In India too, the demand for jewelry fell, but by 41%. In this case, the sales brake was also caused by the rise in gold prices in mid-February, which led to a slowdown in demand. Then came the covid and in March the demand for jewelry fell from 60% to 80% following the lockdown.
Despite being two areas with many differences, the World Gold Council unites the United States and Europe. In the US, demand has dropped by only 3.7%, but the effects of covid-19 arrived late in the States. The analysis notes, however, that online purchases have mitigated the virus effect. In Europe, where the evil virus has arrived earlier, the drop in gold consumption is double-digit. First quarter demand fell 15% to a record low of 10.8 tons. As expected, the losses were stronger in Italy, the first country hit by the epidemic (-22%), but also the United Kingdom (-20%).

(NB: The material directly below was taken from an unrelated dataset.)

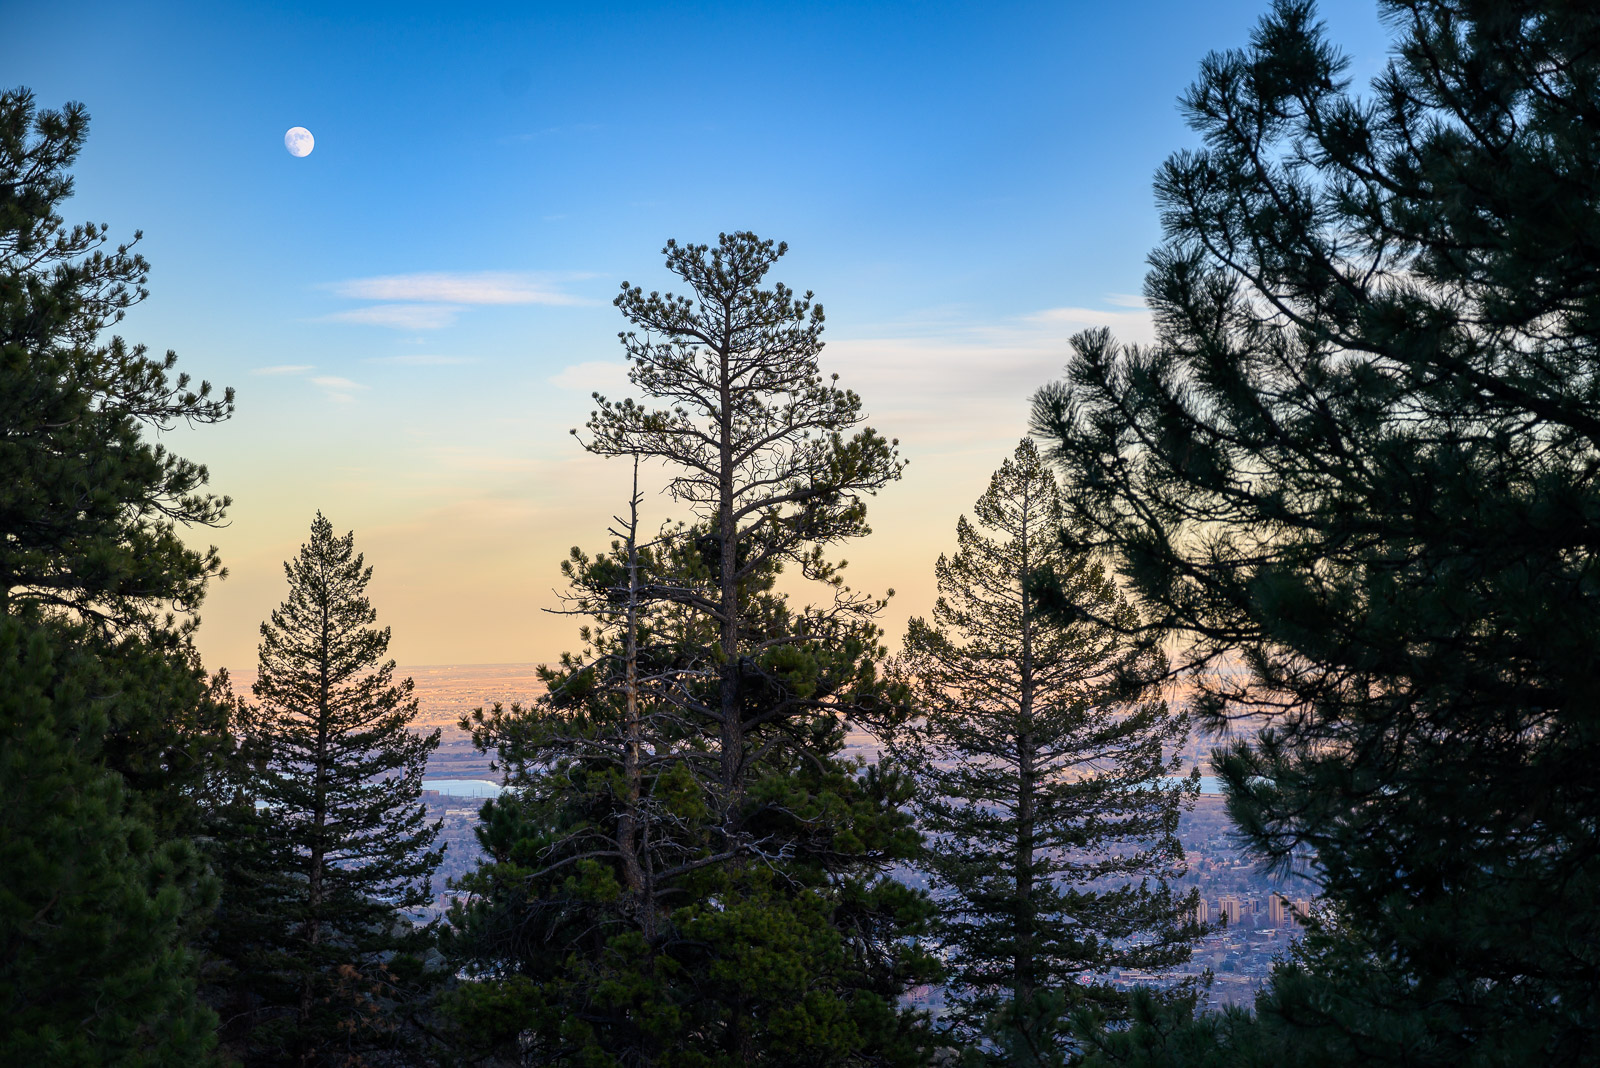 The city of Boulder glimpsed from behind the silhouettes of tall pine trees as the moon rises and the sun sets.

For Middle East and Turkey, no surprise: jewelry sales fell 9-10%, but gold prices in Turkey reached new highs, also because metal was purchased as a safe haven asset.
Vetrina di una gioielleria
Vetrina di una gioielleria

Investments
As for investments, the demand for gold through the financial markets grew by 1%, to 1,083.8 tons. In short, the coronavirus has pushed purchases. Exchange-Traded Funds (ETFs, a type of investment fund) specialized in gold values ​​have attracted strong demand from investors, an effect that has pushed the prices in these products to a new record. Total investment in bullion and coins, on the other hand, fell by 6% year-on-year to 241.6 tons, as a 19% drop in demand for bars at 150.4 tons outstripped the increase in demand for euro coins. ‘gold.
Those who follow the financial aspect will be interested to know that central banks have continued to buy a lot of gold, even if a little less than in the first quarter of 2019: net purchases decreased by 8%. Another aspect that can affect metal prices: covid-19 also caused the interruption of the supply of gold, given that mining production fell by 3%, to a minimum of five years of 795.8 tons. A factor that could push gold further up.